Apo-Carbamazepine (Tablets) Instructions for Use
Marketing Authorization Holder
Apotex, Inc. (Canada)
ATC Code
N03AF01 (Carbamazepine)
Active Substance
Carbamazepine (Rec.INN registered by WHO)
Dosage Form
| Apo-Carbamazepine | Tablets 200 mg: bottle 100 or 500 pcs. |
Dosage Form, Packaging, and Composition
| Tablets | 1 tab. |
| Carbamazepine | 200 mg |
100 pcs. – polyethylene bottles.
500 pcs. – polyethylene bottles – polyethylene film (1) – cardboard boxes.
500 pcs. – polyethylene bottles.
500 pcs. – polyethylene bottles – cardboard boxes.

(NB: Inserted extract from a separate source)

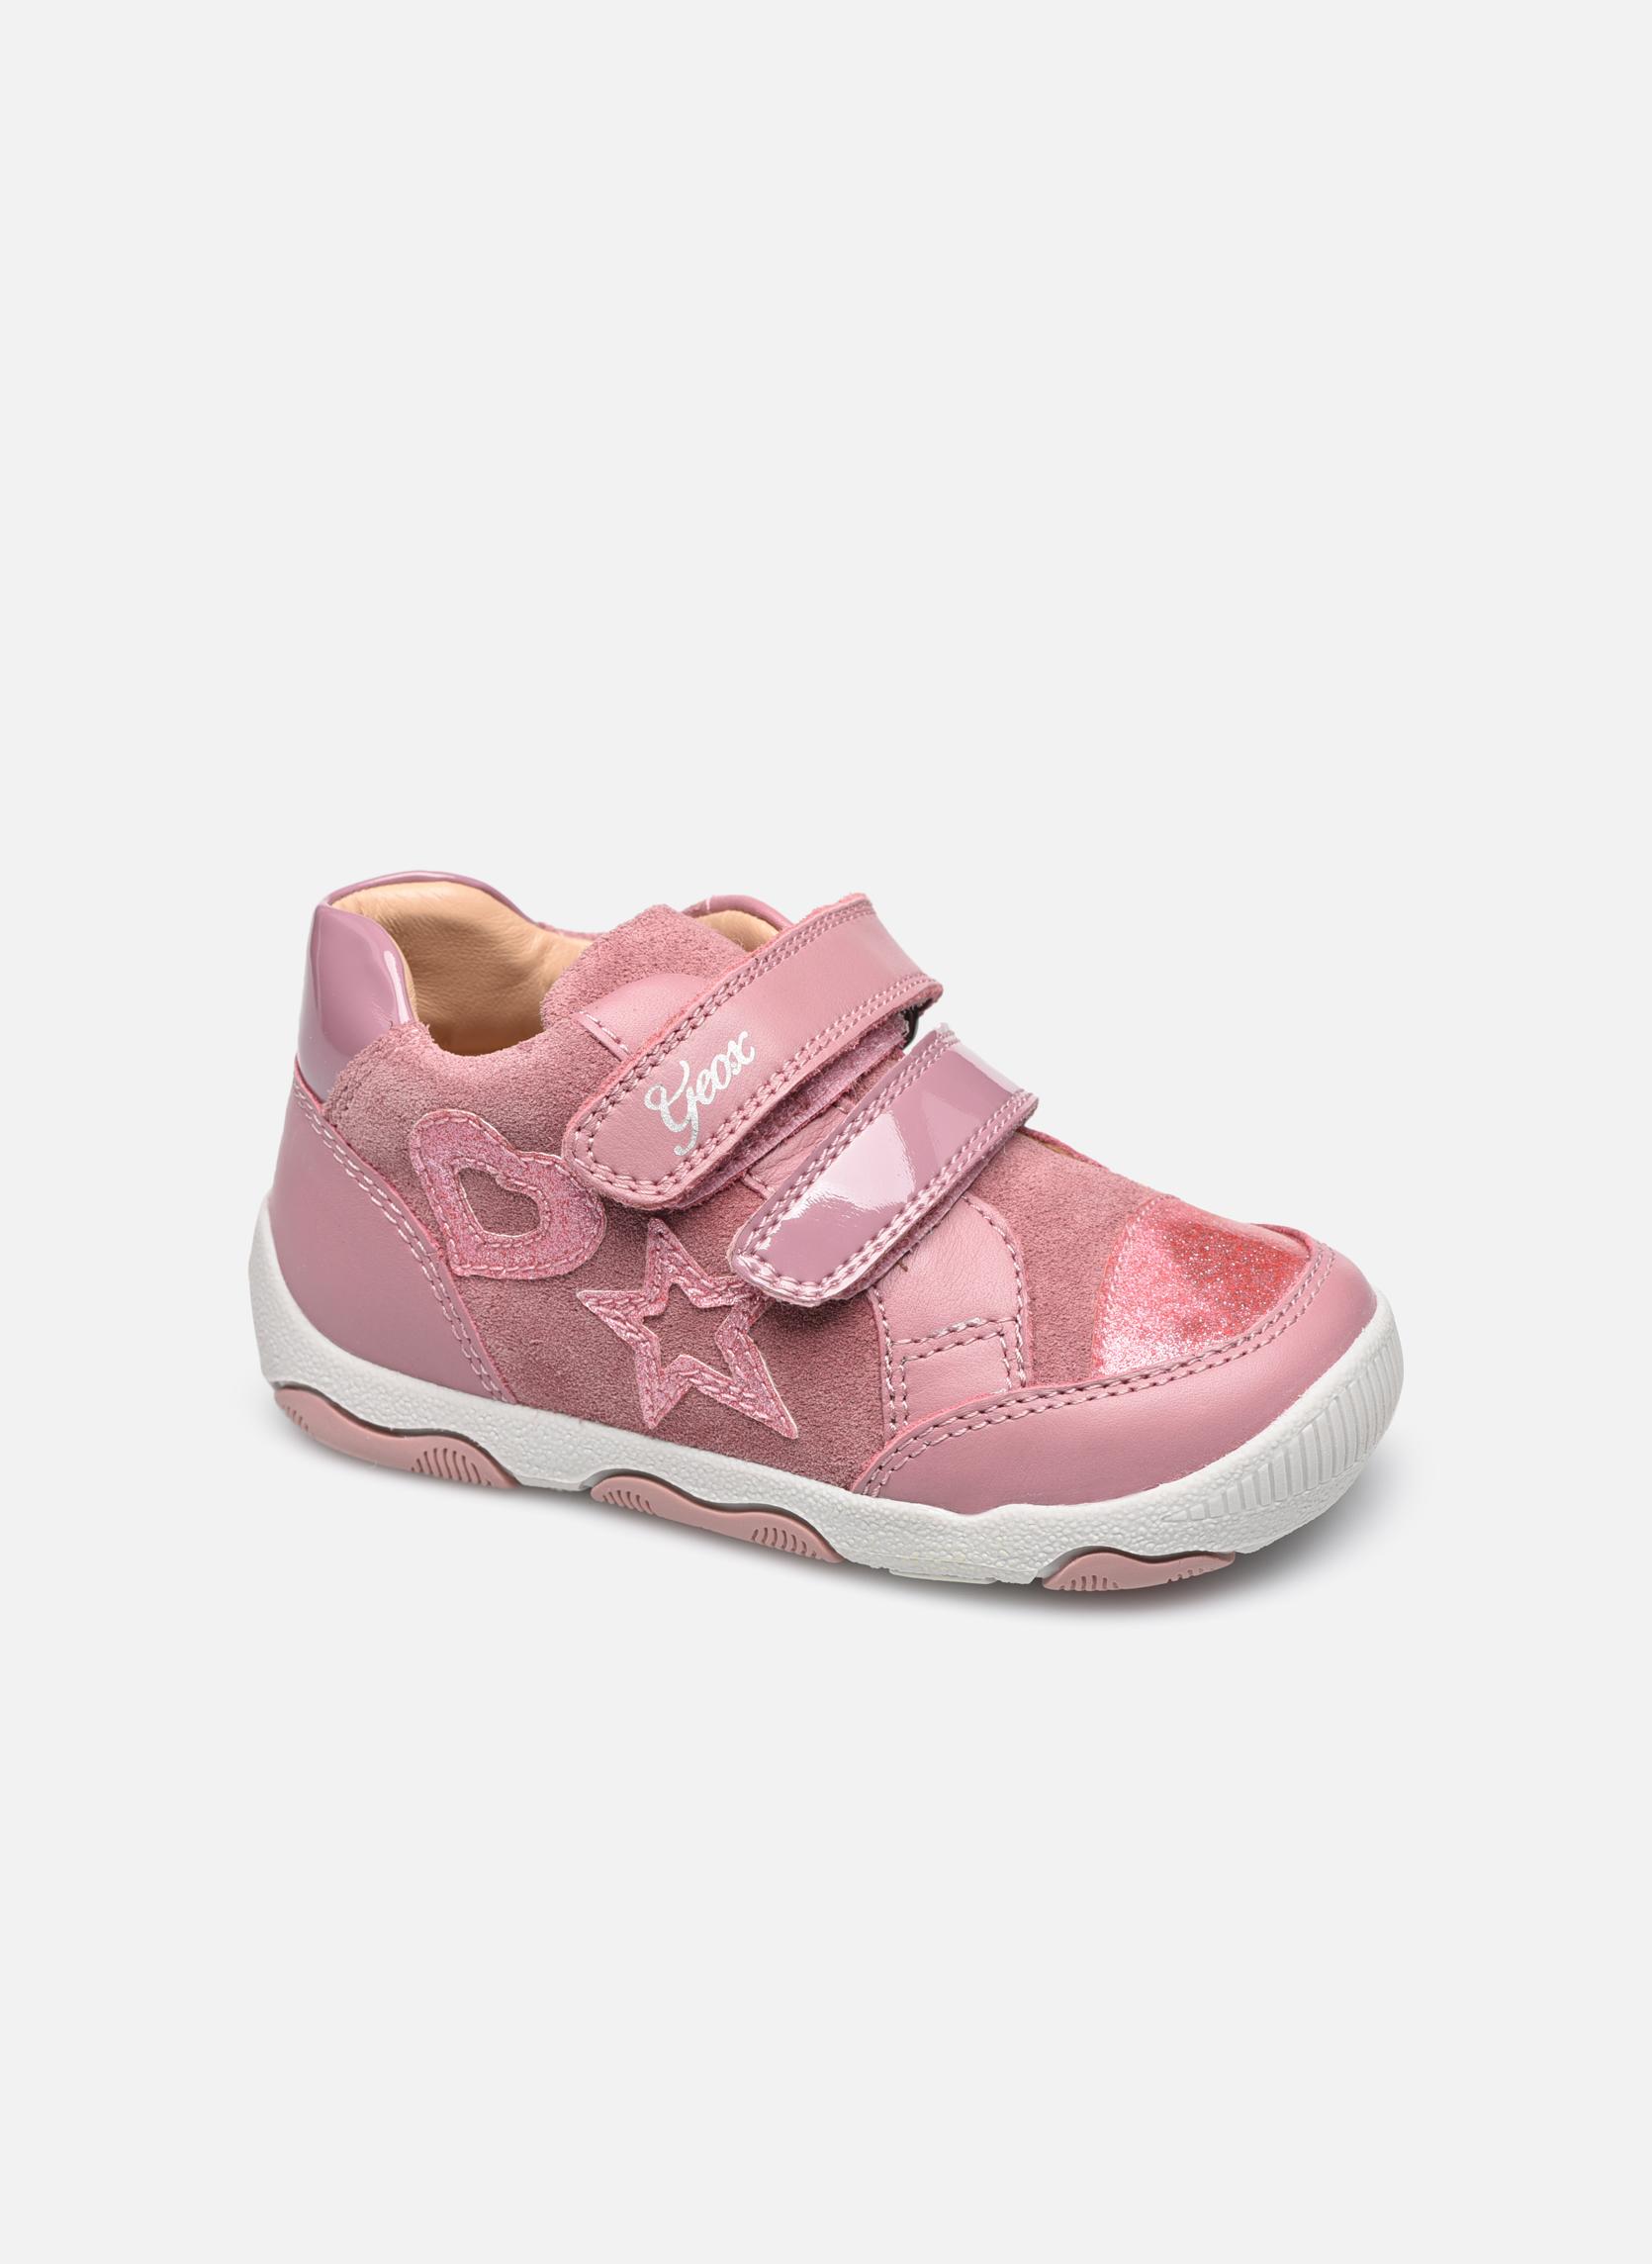 dk pink

Clinical-Pharmacological Group
Anticonvulsant drug
Pharmacotherapeutic Group
Anticonvulsant agent
Pharmacological Action
An antiepileptic agent, a derivative of the tricyclic iminostilbene. It is believed that the anticonvulsant action is associated with a decrease in the ability of neurons to maintain a high frequency of development of repeated action potentials through the inactivation of sodium channels. In addition, the inhibition of neurotransmitter release by blocking presynaptic sodium channels and the development of action potentials, which in turn reduces synaptic transmission, also appears to be significant.

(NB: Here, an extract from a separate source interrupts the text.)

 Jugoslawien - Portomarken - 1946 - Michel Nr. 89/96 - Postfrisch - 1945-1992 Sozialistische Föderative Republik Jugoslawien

It has a moderate antimanic, antipsychotic effect, as well as an analgesic effect in neurogenic pain. The mechanisms of action may involve GABA receptors, which may be associated with calcium channels; also, the influence of carbamazepine on neuro transmission modulator systems appears to be significant.
The antidiuretic effect of carbamazepine may be associated with a hypothalamic influence on osmoreceptors, which is mediated through the secretion of ADH, and is also due to a direct effect on the renal tubules.
Pharmacokinetics
After oral administration, Carbamazepine is almost completely absorbed from the gastrointestinal tract. Plasma protein binding is 75%. It is an inducer of hepatic enzymes and stimulates its own metabolism.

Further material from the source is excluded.